What is needed is the full listing written out exactly, minus the pictures.

# Information shown:
....

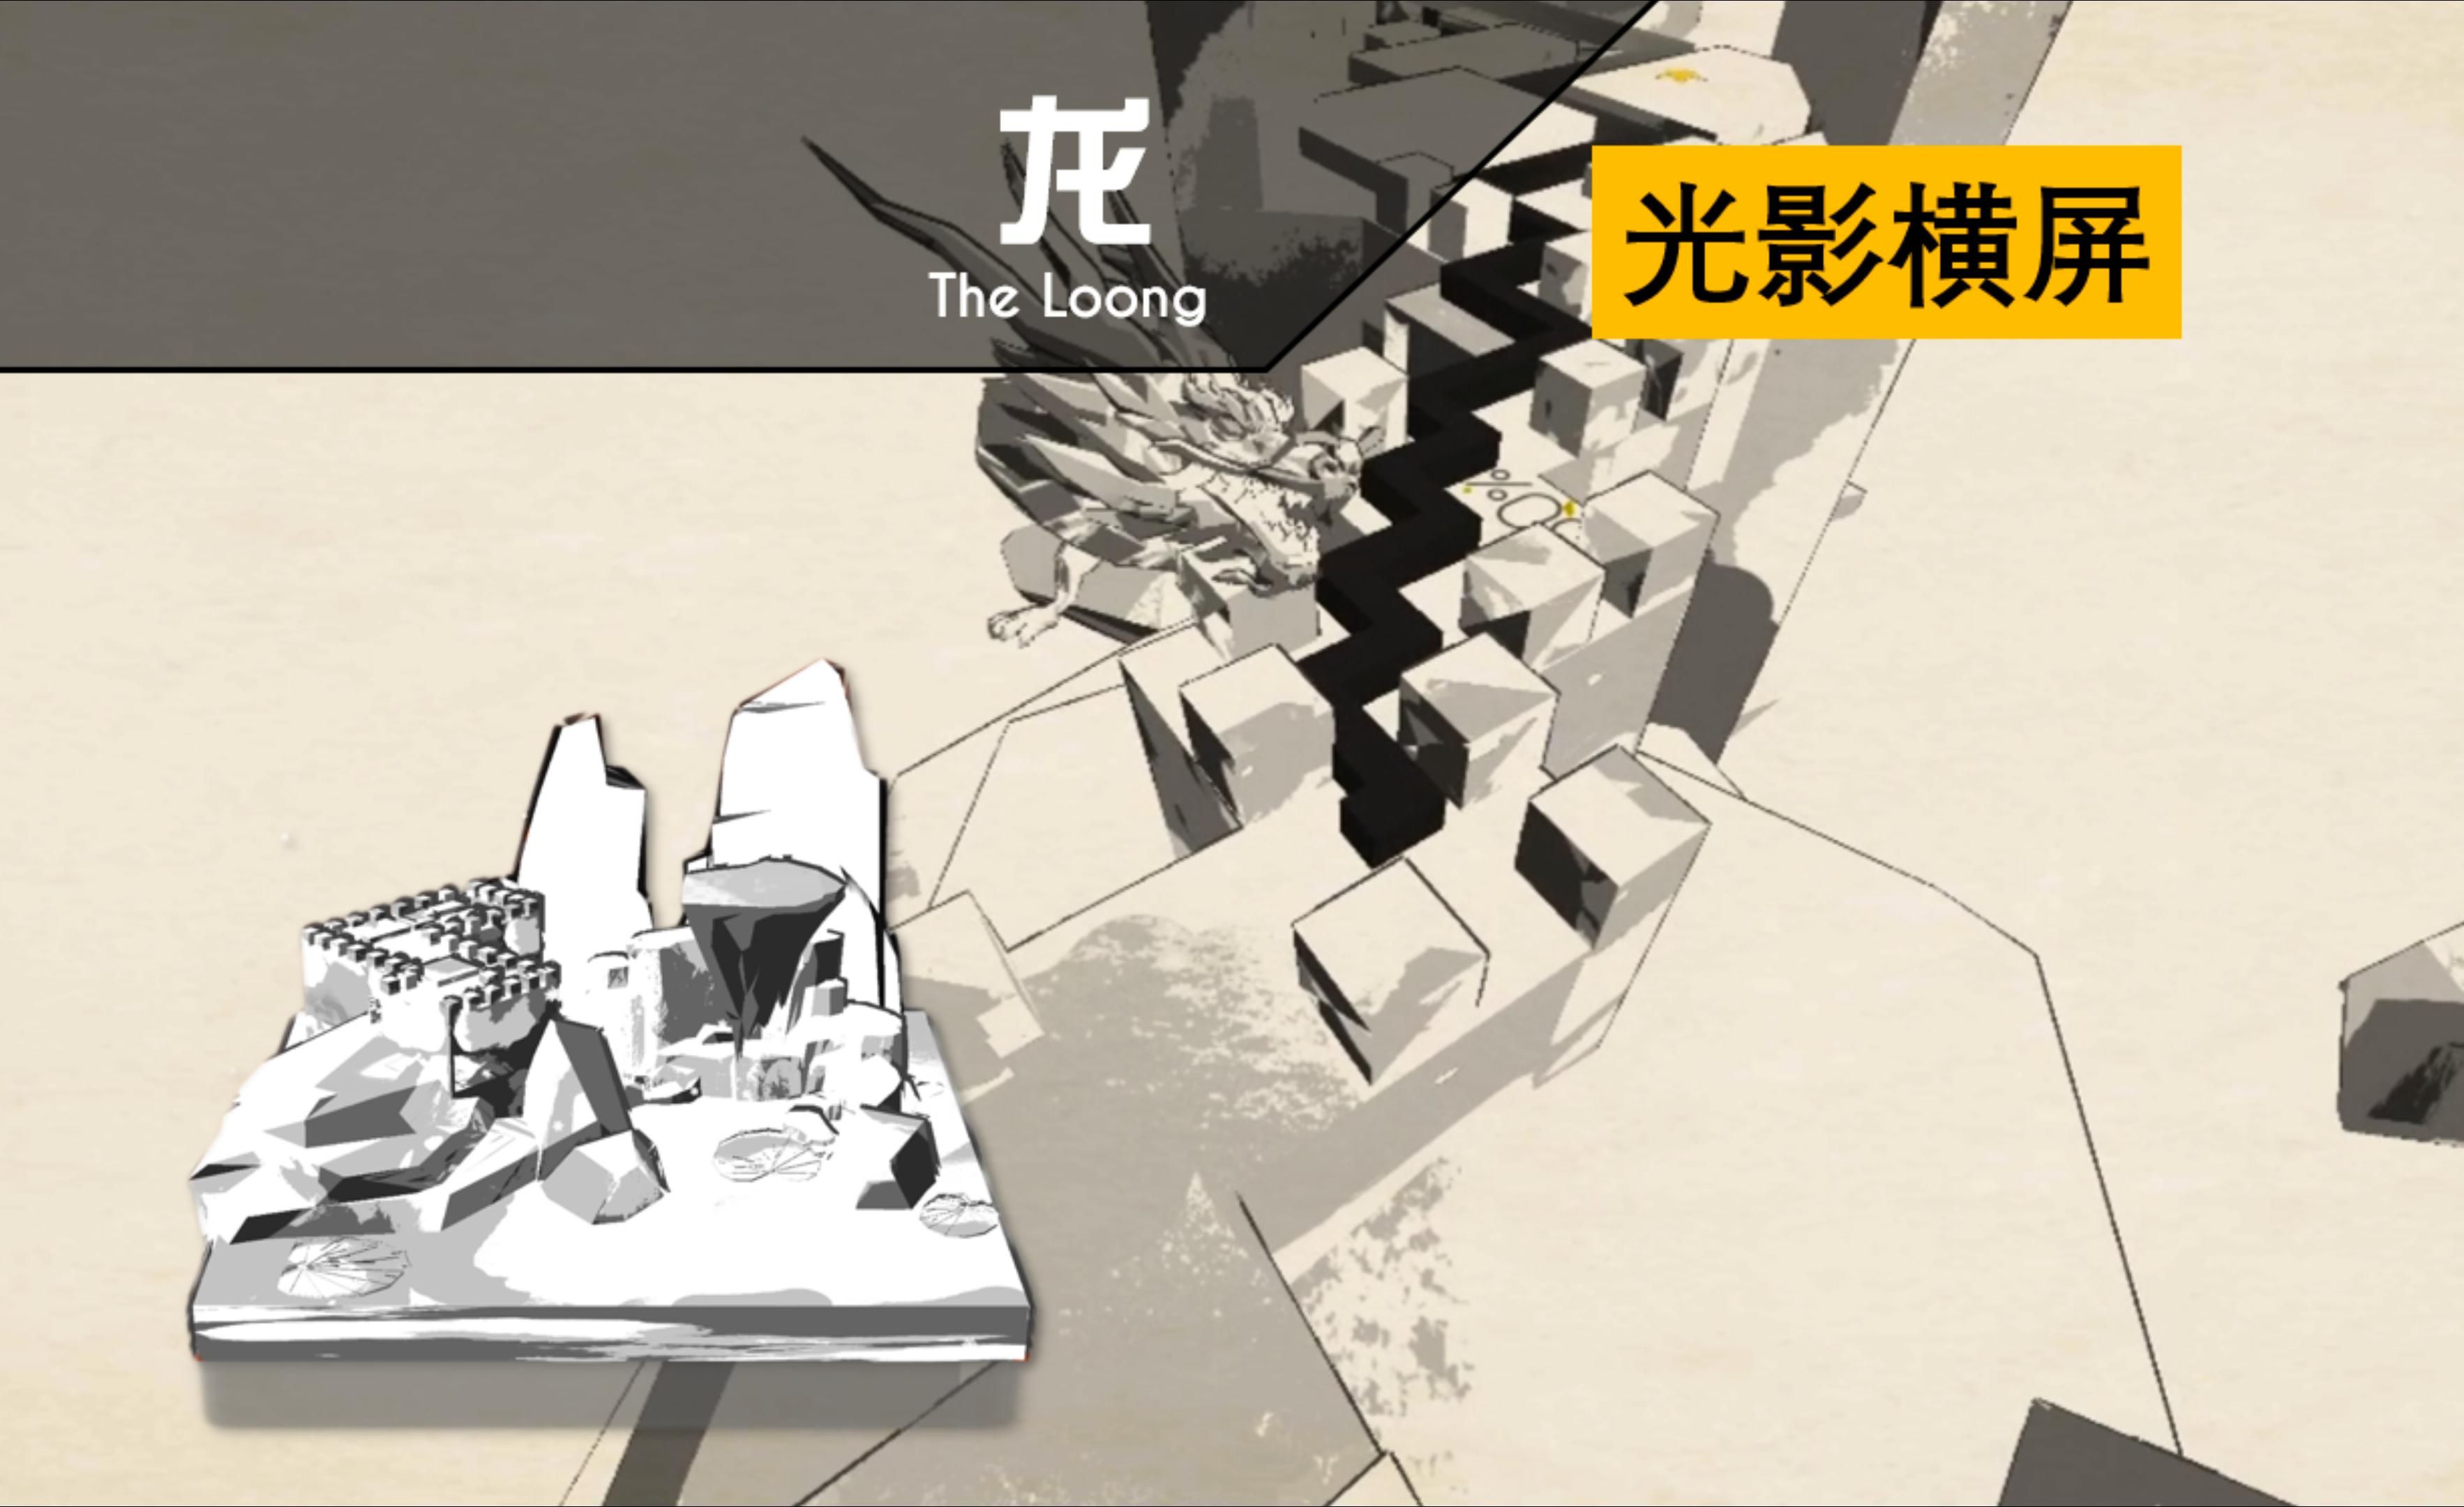 [跳舞的线·新关光影横屏] 中国力量！—龙 The Loong 横屏完美通关演示
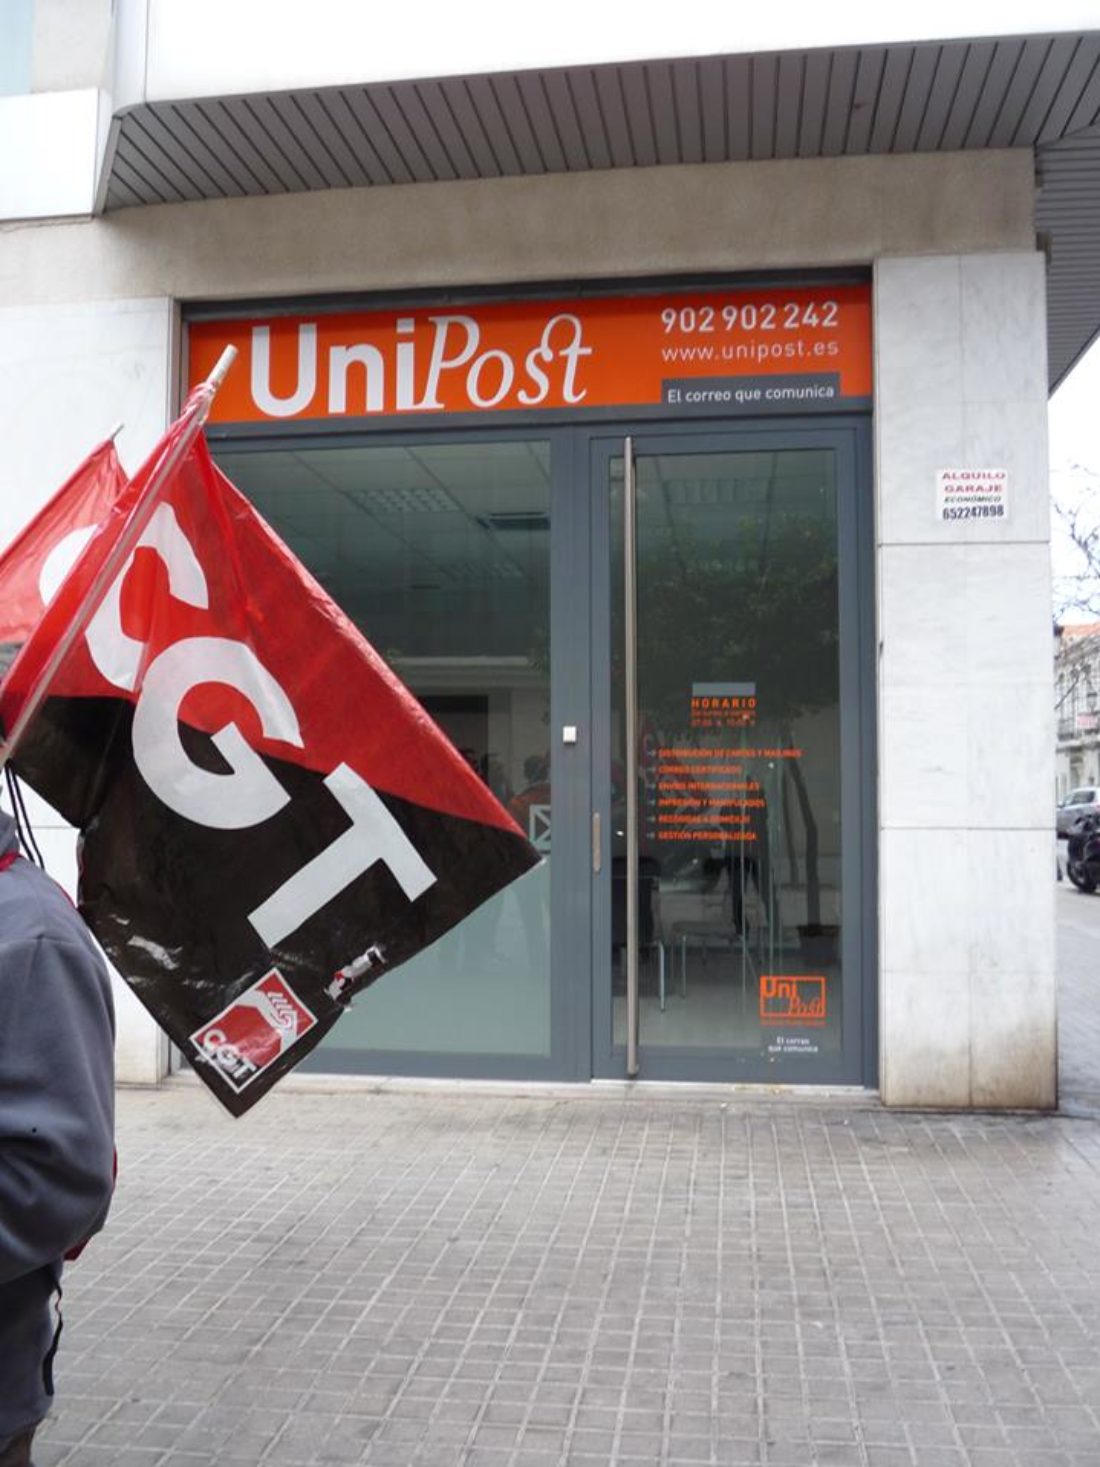 31-m: Manifestación de apoyo a la plantilla de Unipost en A Coruña
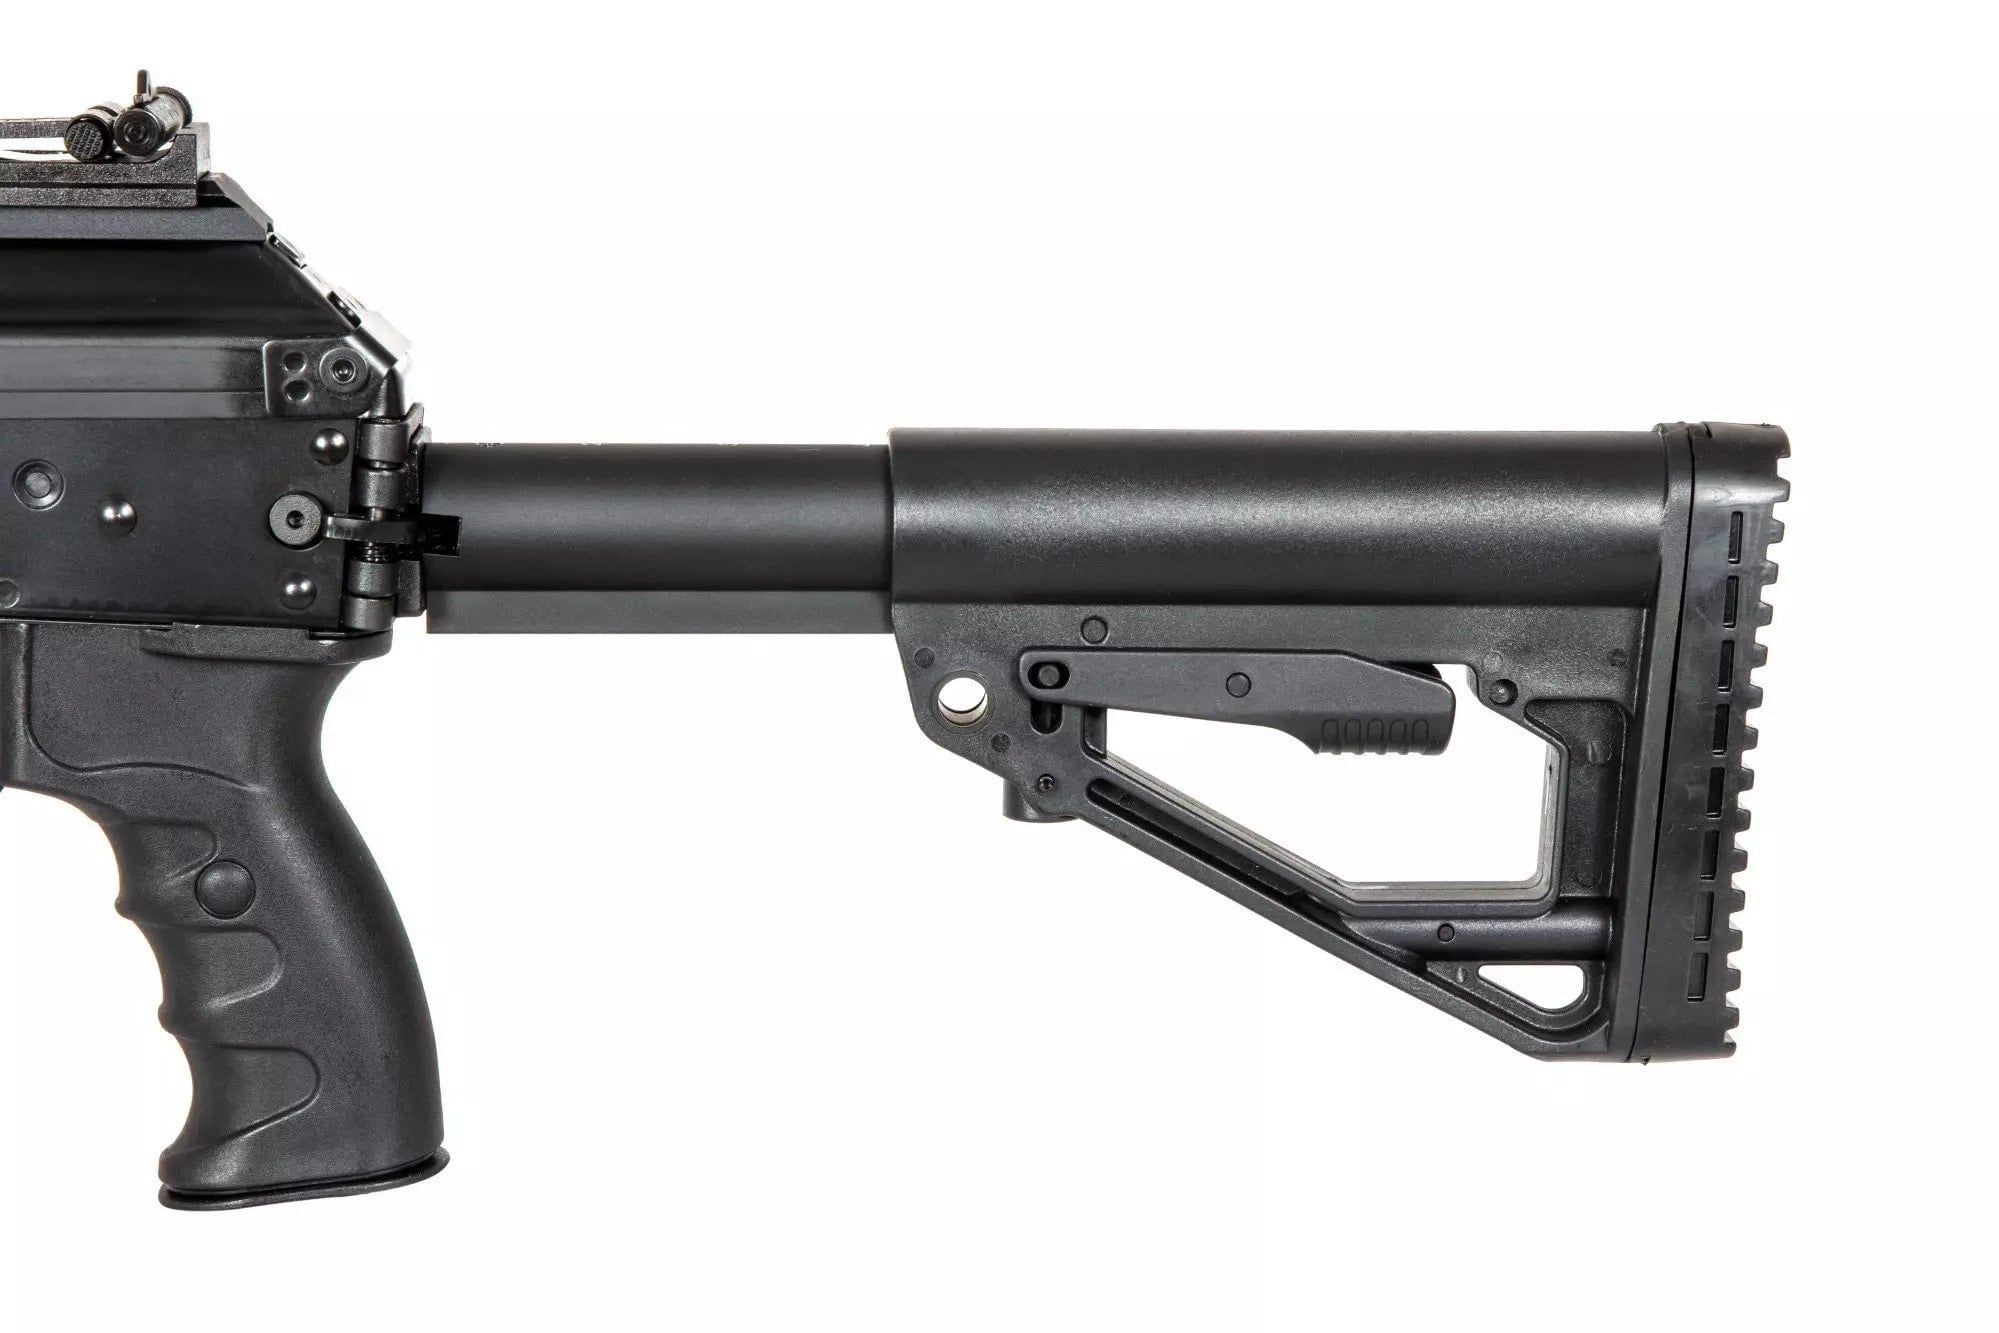 LCK-15 carbine replica

....

# Written answer:
 [跳舞的线·新关光影横屏] 中国力量！—龙 The Loong 横屏完美通关演示
 31-m: Manifestación de apoyo a la plantilla de Unipost en A Coruña
 LCK-15 carbine replica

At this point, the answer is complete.